Tom Watson, Labour MP for West Bromwich East, has written to Andrew Lansley, the secretary of state for health, to express his concern. He wrote: “The NHS Choices website is used by members of the public in order to find out facts about ailments they may be suffering from and these illnesses could cause an individual embarrassment if the information was leaked.”
Mischa Tuffield, a developer at Garlik, said in his blog, “Two of the four third-party sites (facebook.com and addthiscdn.com) are contacted in order to provide… “social functionality”. This intrusive opt-out method of adding social features to the NHS website, in my opinion is not acceptable. I would only deem this to be acceptable if NHS has written declarations from the two aforementioned services stating that they wouldn’t be tracking peoples’ browsing habits on http://www.nhs.uk/.”
He also complains that, even though the other two sites (webtrendslive.com and google-analytics.com) are used for analytics purposes, it is a task which he feels should not be outsourced to a third party.”
The Facebook ‘Like’ button receives particular criticism from Garlik. In a separate blog, the organisation pointed out that the button is engineered in such a way that, even if it is not clicked but the user has not logged out of Facebook, the information will still be transmitted through the Facebook cookie.
“Given the average user spends 55 mins every day logged into Facebook then there is a pretty good chance of that happening,” wrote Garlik blogger Tom. “So a young mother is logged on to Facebook talking to friends and is also looking for some advice about depression on NHS Choices and, bingo, – although she doesn’t know it – Facebook now knows she has looked at this page. Facebook says that it does not target ads using this information and they will throw it away after 90 days apart from the stuff they use for statistical analysis.”
A spokesperson for NHS Choices would only say that it is the user’s duty to ensure that they log-out of any sites when they are finished using them.
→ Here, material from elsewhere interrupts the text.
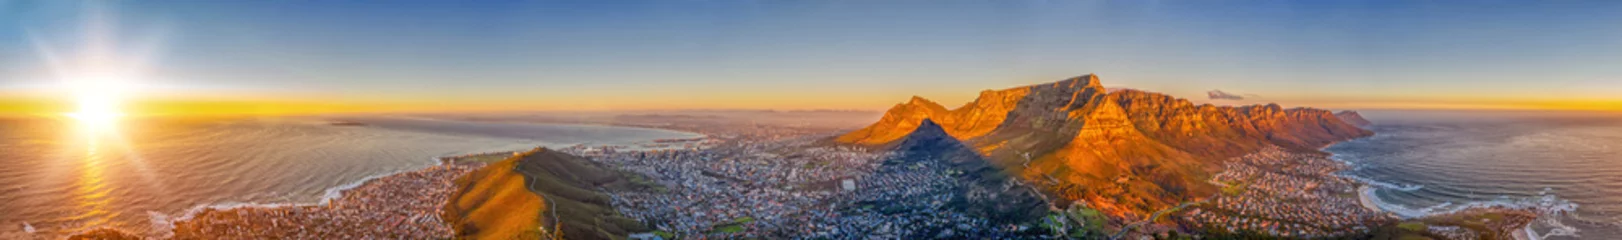 Photo sur Plexiglas Montagne de la Table Cape Town aerial view
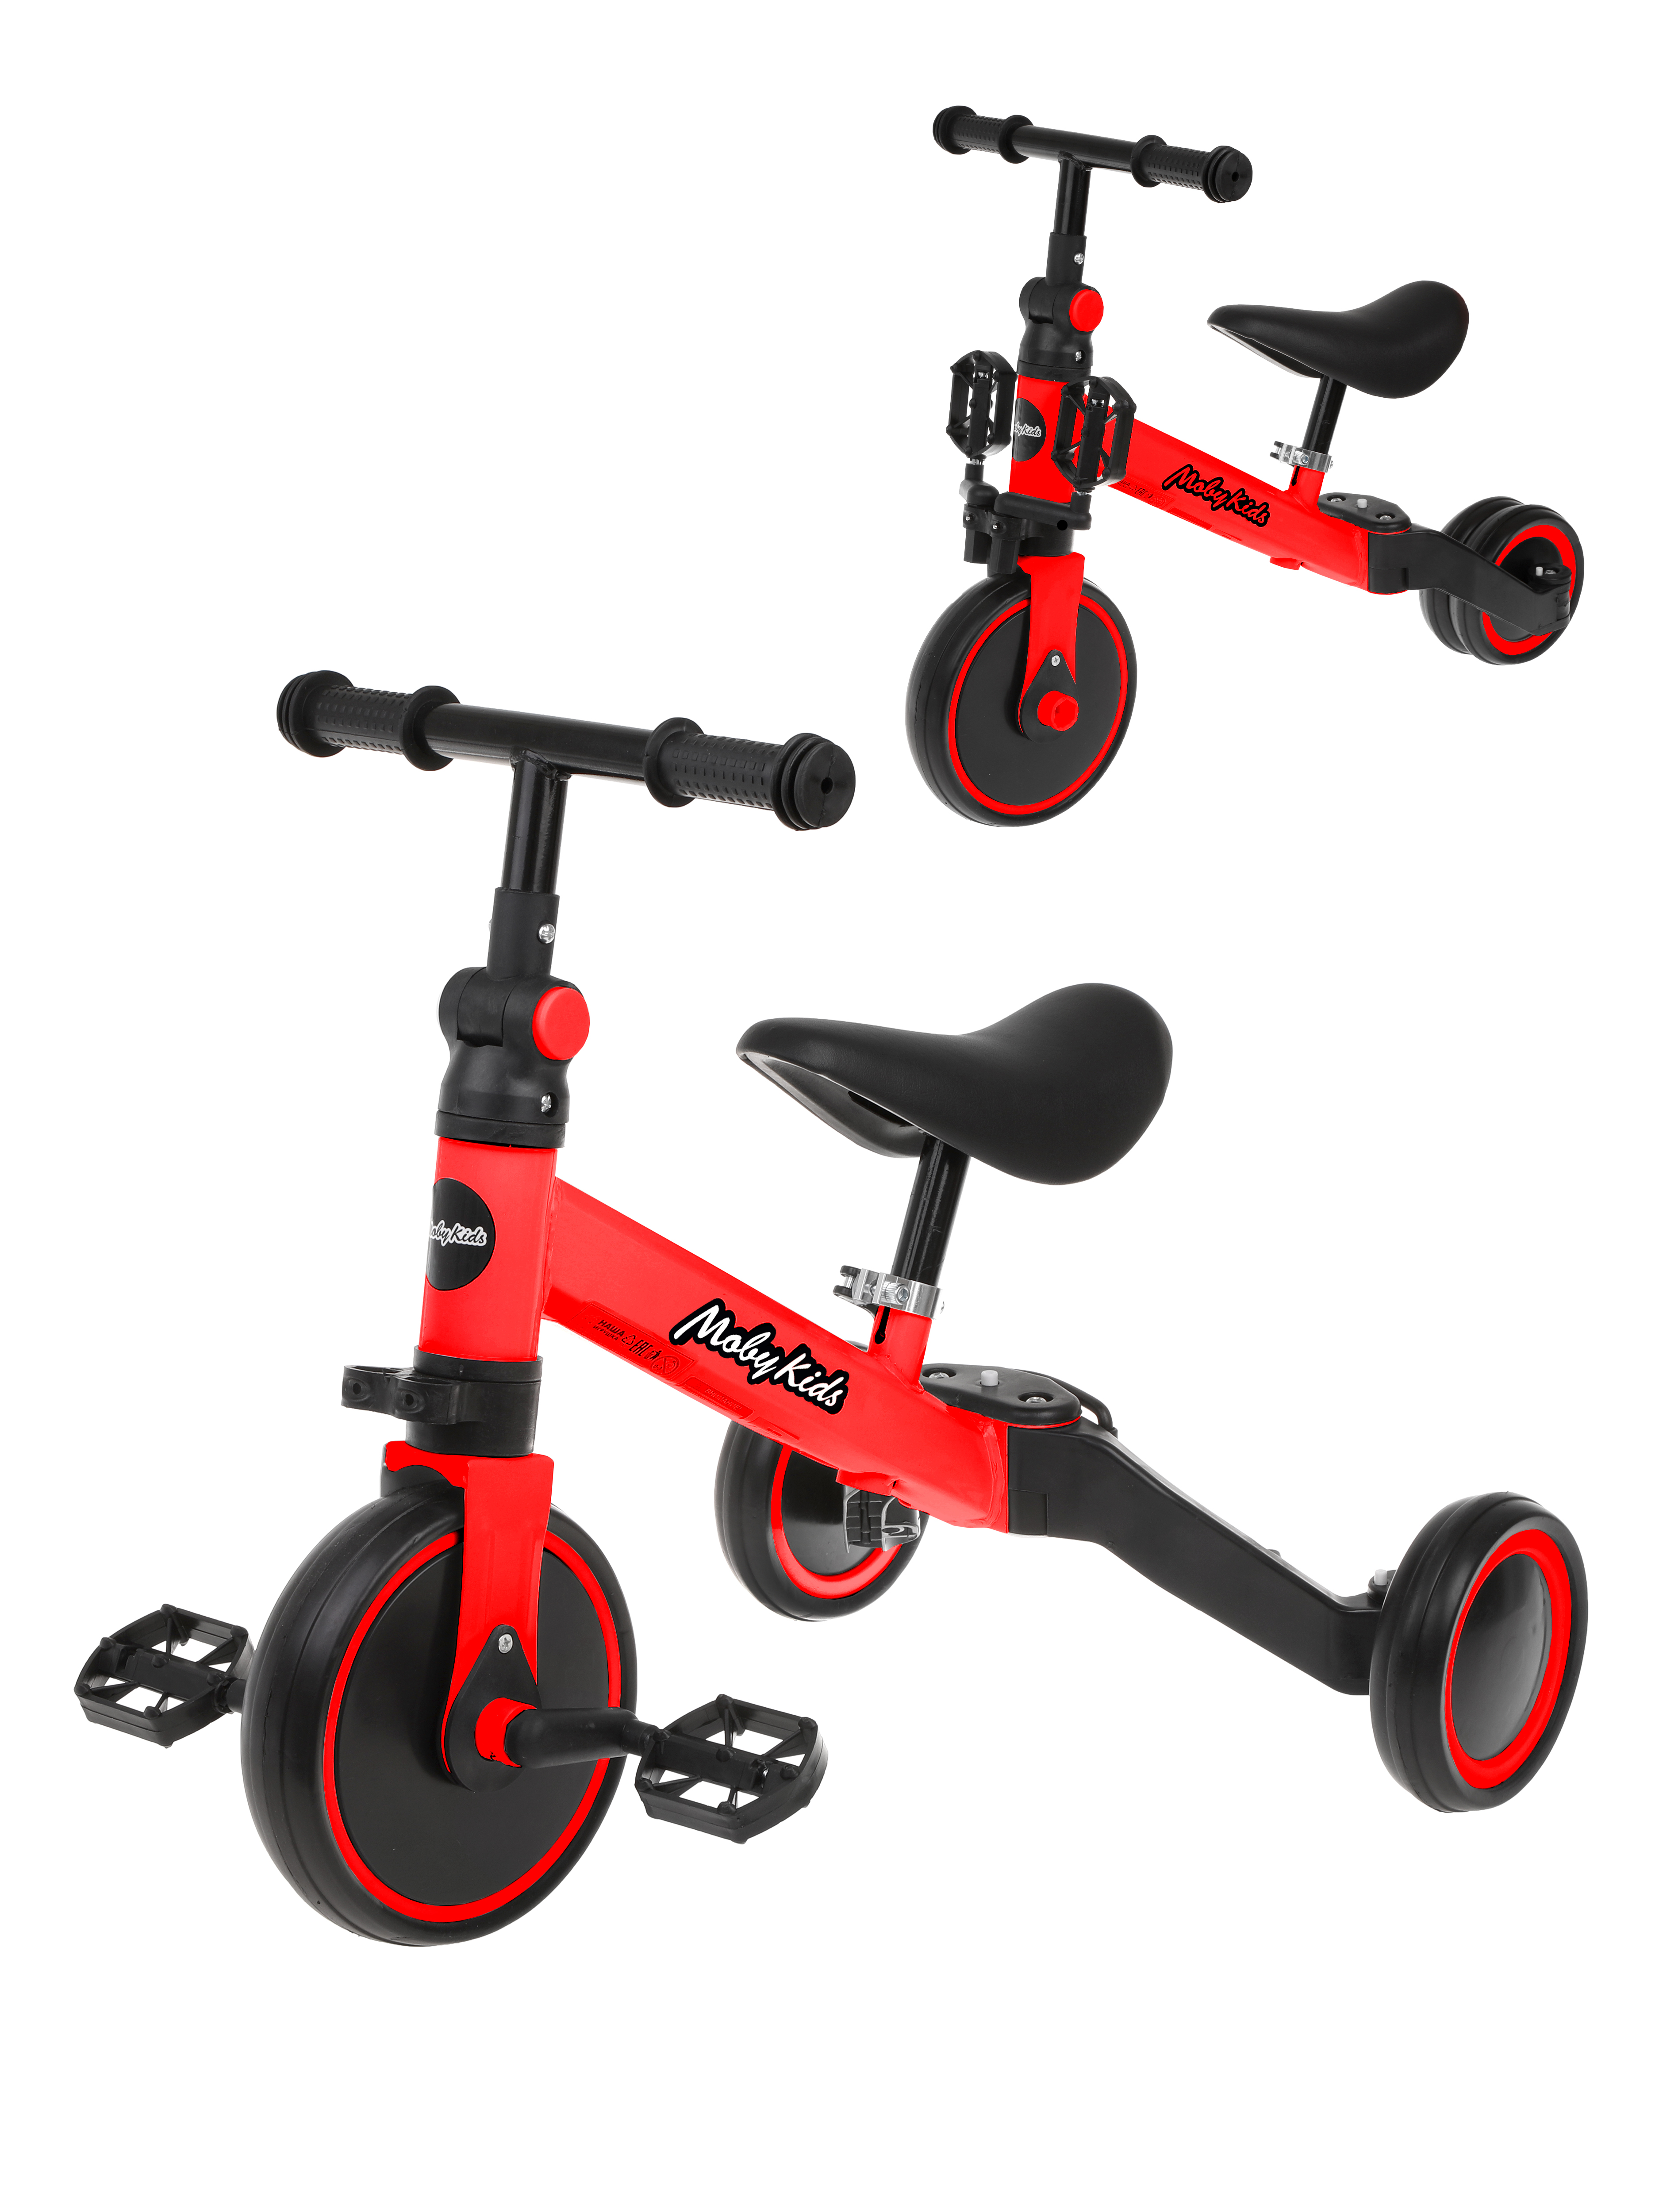 Беговел Moby Kids велосипед трансформер детский 2 в 1 SuperJoy, красный велосипед детский трехколесный 3 в 1 moby kids принцесса 9x7 eva 649243 розовый

But Tom’s example shows that sometimes a user may visit the site while in conversation with a friend on Facebook.
Tom Watson wrote in his letter to Lansley, “We’ve seen how newspapers like the News of the World have used the digital age to hack into the phones of UK citizens. It would be very embarrassing if people less scrupulous than Sergei [sic] and Larry of Google [Sergey Brin and Larry Page, founders of Google] were to know the individual health fears of the nation.”